Specifying Logical System Interfaces

System interfaces identify the sets of services, data, and flows into and out of a system. By logical interfaces, we mean abstract interfaces that specify the content and precision of the flows but not their physical realization. For example, a system interface to a radar might include a message herezaRadarTrack(r: RadarTrack) as a SysML event carrying a radar track as a parameter without specifying what communication means will be used, let alone the bit-mapped structure of the realizing 1553 Bus message. Nevertheless, the specification of the interface allows us to consider the set of services requested of the system by actors, the set of services needed by the system from actors, and the physical and information flow across the system boundary.

The initial set of interfaces is a natural outcome of use case analysis. Each use case characterizes a set of interactions of the system with a group of actors for a similar purpose. These interactions necessitate system interfaces. This recipe will focus on the identification of these interfaces and the identification of the data and flows that they carry; the actual definition of these data elements is described in the last recipe in this chapter, Creating the Logical Data Schema.

The logical interfaces from a single use case analysis are only a part of the entire set of system interfaces. The set interfaces from multiple use cases are merged together during system architecture definition. This topic is discussed in the recipes of the next chapter, Developing Systems Architectures. Those are still logical interfaces, however, and abstract away implementation detail.
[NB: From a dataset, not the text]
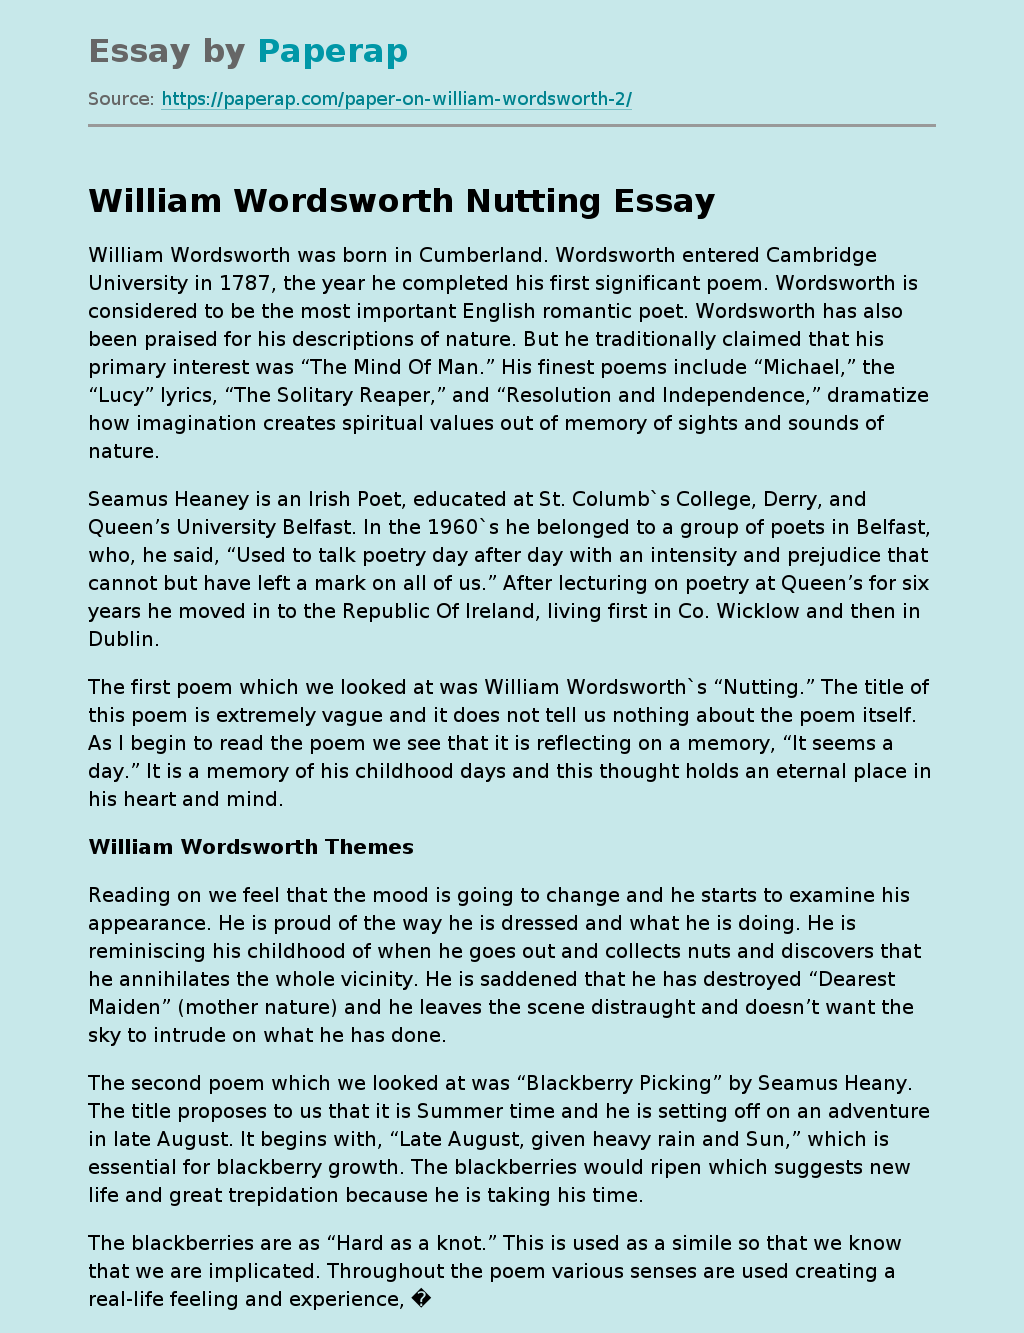 William Wordsworth Themes

The specification of physical interfaces from their logical specification is described in Chapter 4, Handoff to Downstream Engineering.

A Note about SysML Ports and Interfaces

SysML supports a few different ways to model interfaces, and this is intricately bound up with the topic of ports. SysML has the standard port (from UML), which is typed by an interface. An interface is similar to an abstract class; it contains specifications of services but no implementation. A block that realizes an interface must provide an implementation for each operation specified within that interface. UML ports are typed by the interfaces they support. A port may either provide or require one or more interfaces. If an interface is provided by the system, that means that the system must provide an implementation that realizes the requested services. If an interface is required, then the system can request an actor to provide those services. These services can be synchronous calls or asynchronous event receptions and can carry data in or out, as necessary. Note that the difference between provided and required determines where the services are implemented and not the direction of the data flow.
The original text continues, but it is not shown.